Last month I wrote a story that detailed some odd behavior with NVIDIA's GeForce GTX graphics cards and high refresh rate monitors, in particular with the new ASUS ROG Swift PG279Q that has a rated 165Hz refresh rate. We found that when running this monitor at 144Hz or higher refresh rate, idle clock speeds and power consumption of the graphics card increased dramatically.
The results are much more interesting than I expected! At 60Hz refresh rate, the monitor was drawing just 22.1 watts while the entire testing system was idling at 73.7 watts. (Note: the display was set to its post-calibration brightness of just 31.) Moving up to 100Hz and 120Hz saw very minor increases in power consumption from both the system and monitor.
But the jump to 144Hz is much more dramatic – idle system power jumps from 76 watts to almost 134 watts – an increase of 57 watts! Monitor power only increased by 1 watt at that transition though. At 165Hz we see another small increase, bringing the system power up to 137.8 watts.
When running the monitor at 60Hz, 100Hz and even 120Hz, the GPU clock speed sits comfortably at 135MHz. When we increase from 120Hz to 144Hz though, the GPU clock spikes to 885MHz and stays there, even at the Windows desktop. According to GPU-Z the GPU is running at approximately 30% of the maximum TDP.
We put NVIDIA on notice with the story and followed up with emails including more information from other users as well as additional testing completed after the story was posted. The result: NVIDIA has confirmed it exists and has a fix incoming!
In an email we got from NVIDIA PR last night:
We checked into the observation you highlighted with the newest 165Hz G-SYNC monitors.
Guess what? You were right! That new monitor (or you) exposed a bug in the way our GPU was managing clocks for GSYNC and very high refresh rates.
As a result of your findings, we are fixing the bug which will lower the operating point of our GPUs back to the same power level for other displays.
We’ll have this fixed in an upcoming driver.
This actually supports an oddity we found before: we noticed that the PG279Q at 144Hz refresh was pushing GPU clocks up pretty high while a monitor without G-Sync support at 144Hz did not. We'll see if this addresses the entire gamut of experiences that users have had (and have emailed me about) with high refresh rate displays and power consumption, but at the very least NVIDIA is aware of the problems and working to fix them.
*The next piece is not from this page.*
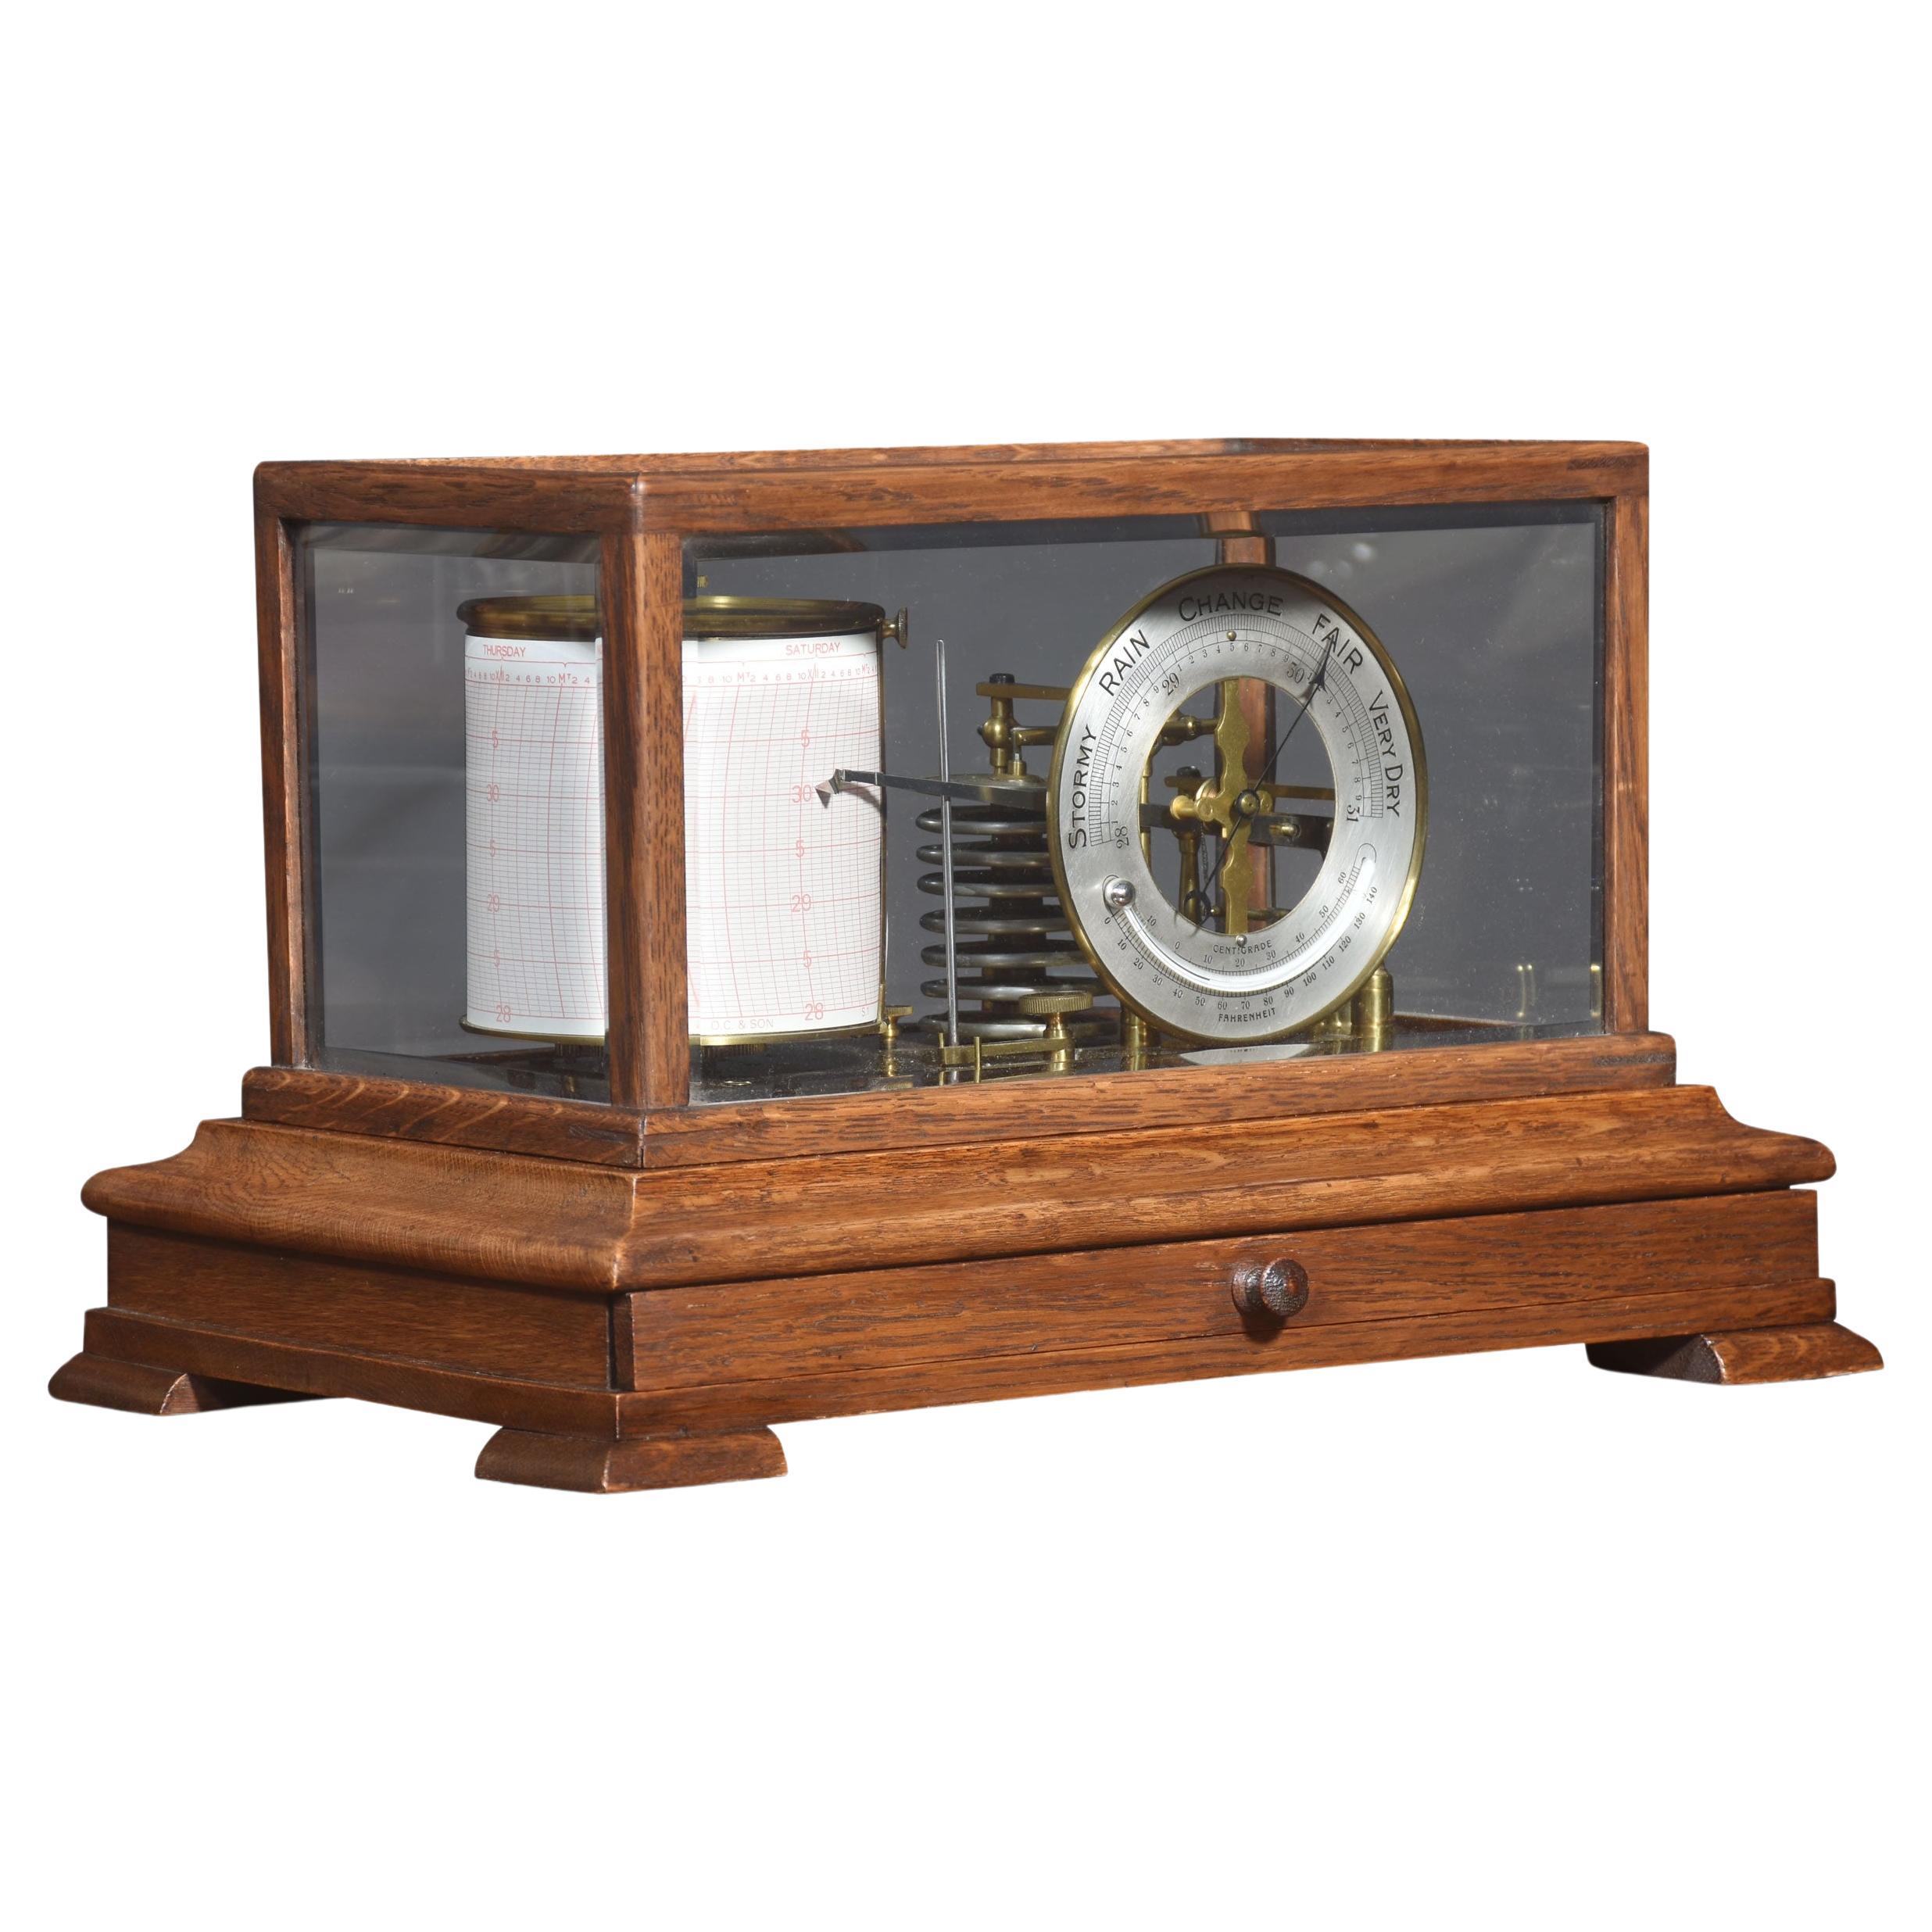 Oak cased barograph and barometer For Sale

I don't have confirmation of WHEN I'll be able to test out that updated driver, but hopefully it will be soon, so we can confirm the fix works with the displays we have in-house. NVIDIA also hasn't confirmed what the root cause of the problem is – was it related to the clock domains as we had theorized? Maybe not, since this was a G-Sync specific display issue (based on the quote above). I'll try to weasel out the technical reasoning for the bug if we can and update the story later!
I’ve seen multiple sites
I’ve seen multiple sites bring up this issue but this is the only one that went to the source for a resolution, much respect.
Multiple sites brought up
Multiple sites brought up this issue only after PCPer wrote their story about it, which only happened because a commenter brought it up in a thread on PCPer and it drew the staff’s attention enough to investigate.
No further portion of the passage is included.